Discussion to follow with director David Modigliani
Could Beto O’Rourke be the next president of the United States? Some people think so, even though the Texan’s one of many in that race—but only last year the three-term member of the U.S. House of Representatives gave up his seat in order to run for the U.S. Senate. Going behind the scenes of O’Rourke’s unconventional, breakaway campaign to beat incumbent Ted Cruz, this film captures his rise from virtual unknown to national political sensation.
Martina Halik and her 60-year-old mother Tania embark on a 1,429-mile ski trek through the treacherous Coast Mountains of British Columbia, expecting it will take them five to six months. This journey has only been completed once before, and never by a female duo. In between their helicopter drops of food (which they’ve dehydrated themselves, naturally), we are transported into the lives of other people in the mountain range: a German artist who’s been living off the grid for 50 years, nuns in a snowbound convent, even a snowshoe artist. In this unconventionally adventurous documentary, two women nonchalantly make history—and a much larger point.
Discussion to follow with director Robert Nixon and film subjects Max Kennedy, Jack Nixon, and Buddy Vanderhoop
Seeing the disappearance of fish he loves to catch, 15-year-old Jack Nixon enlists marine conservationist Dr. Sylvia Earle in a years-long quest to save our dying oceans. Photographer Brian Skerry, captain Max Kennedy, and a band of teenage aquanauts bolster expeditions to the high seas of industrial fishing fleets, and to the melting polar ice of the Chukchi Sea. Astronaut Bill Anders and activist Bill McKibben provide lessons on how humanity met past challenges.

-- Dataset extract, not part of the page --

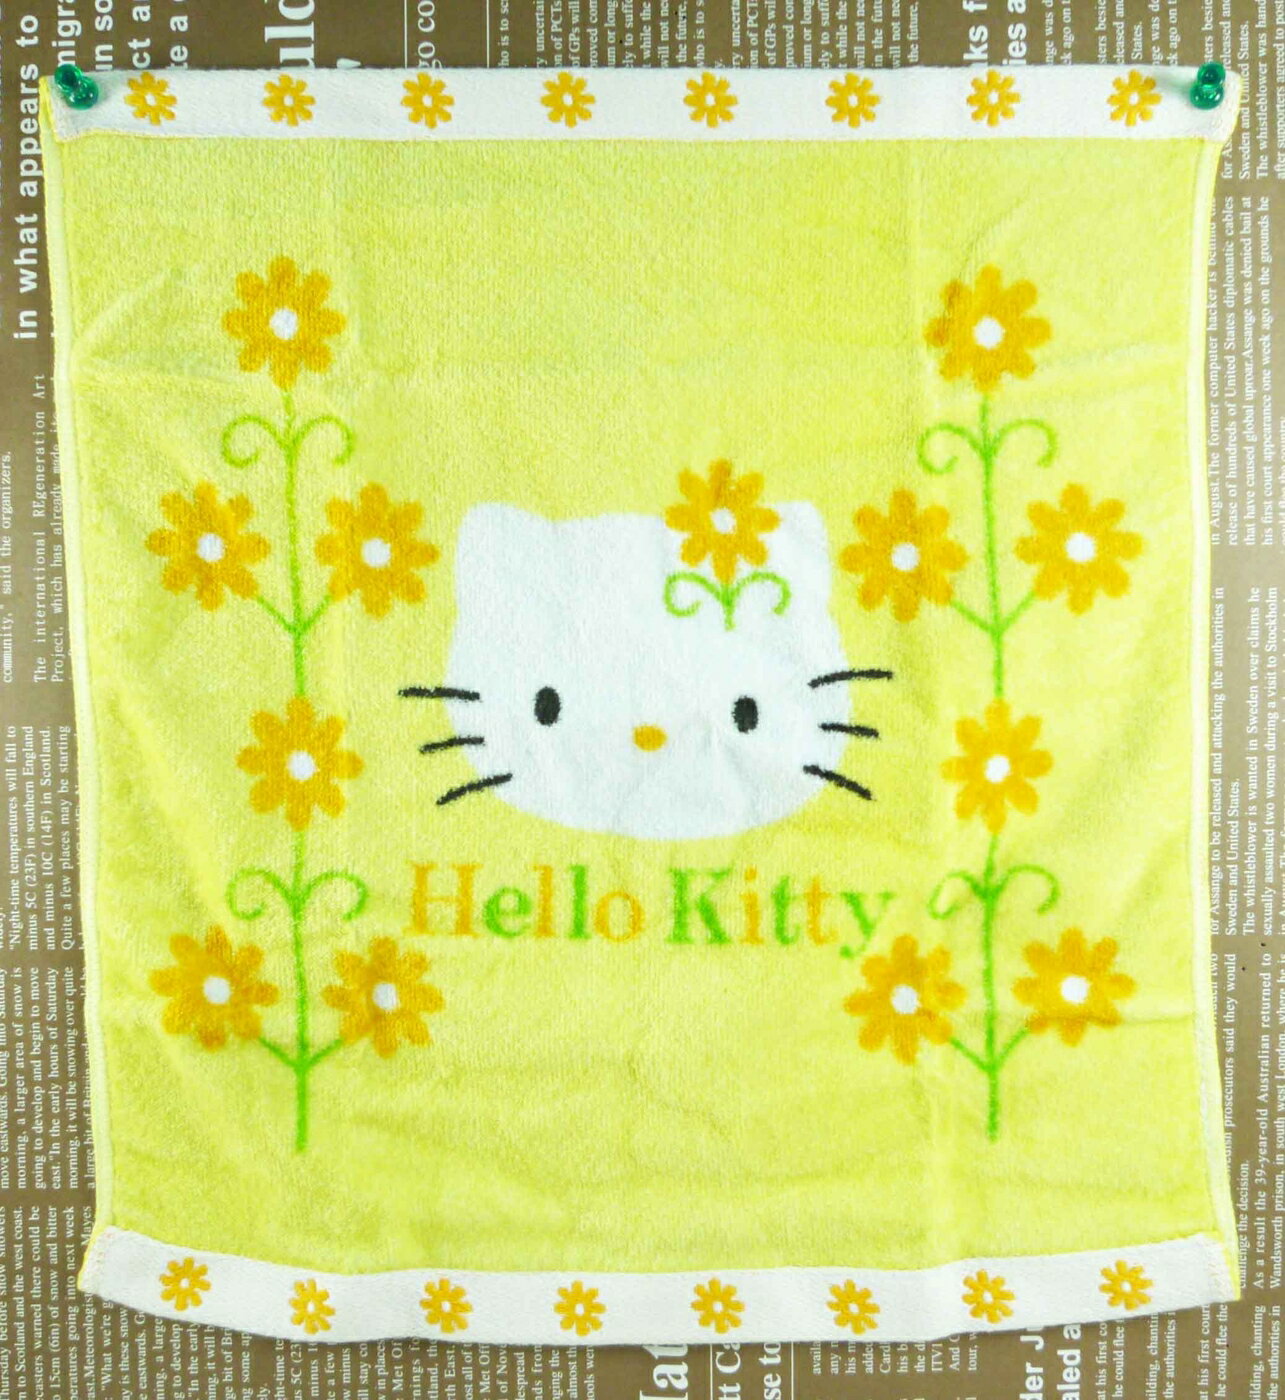 【震撼精品百貨】Hello Kitty 凱蒂貓 大方巾 黃瑪格麗特【共1款】 震撼日式精品百貨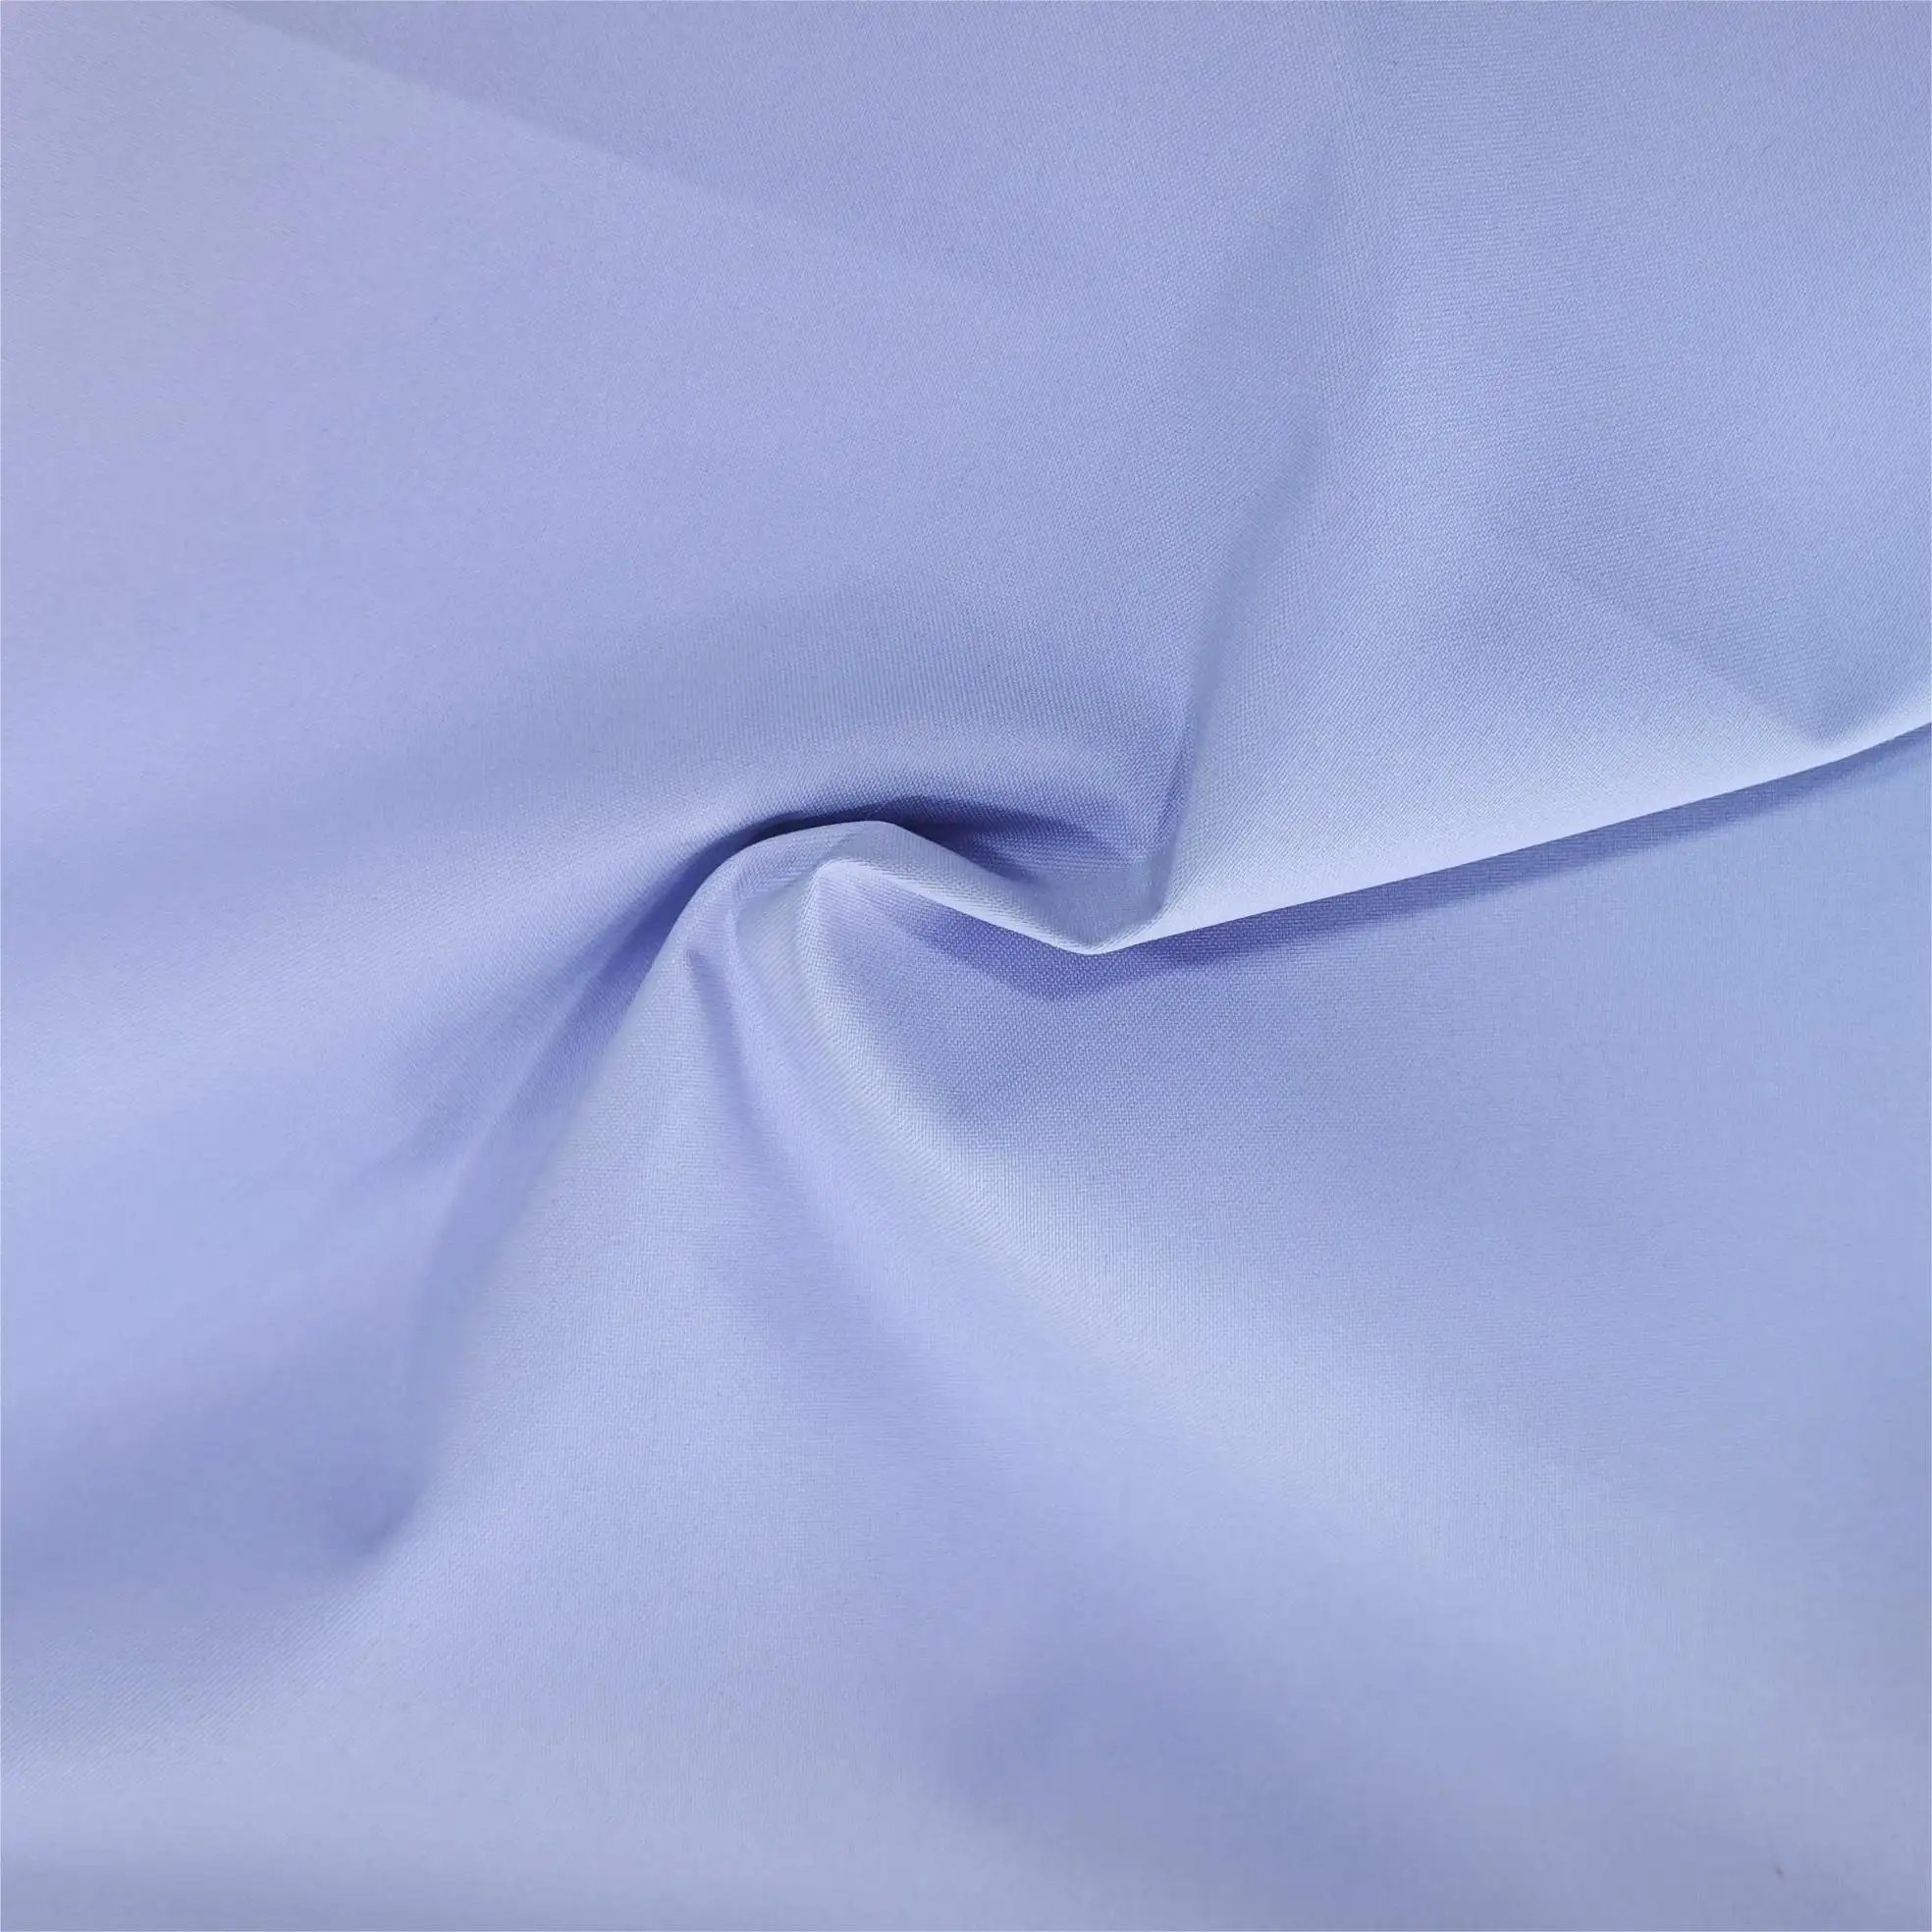 15D cangkang keras tahan air mata elastisitas tinggi menggunakan kain poliester untuk Jaket luar ruangan

Daunted by the present ones, the teenagers find hope in nature’s ability to heal.
Yesterday, everyone knew the Beatles. Today, only Jack remembers their songs. He’s about to become a very big deal. From Oscar-winning director Danny Boyle (Slumdog Millionaire, Trainspotting, 28 Days Later) and Oscar-nominated screenwriter Richard Curtis (Four Weddings and a Funeral, Love Actually, Notting Hill) comes a rock ‘n’ roll comedy about music, dreams, friendship, and the long and winding road that leads to the love of your life. Featuring new versions of the Beatles’ most beloved hits.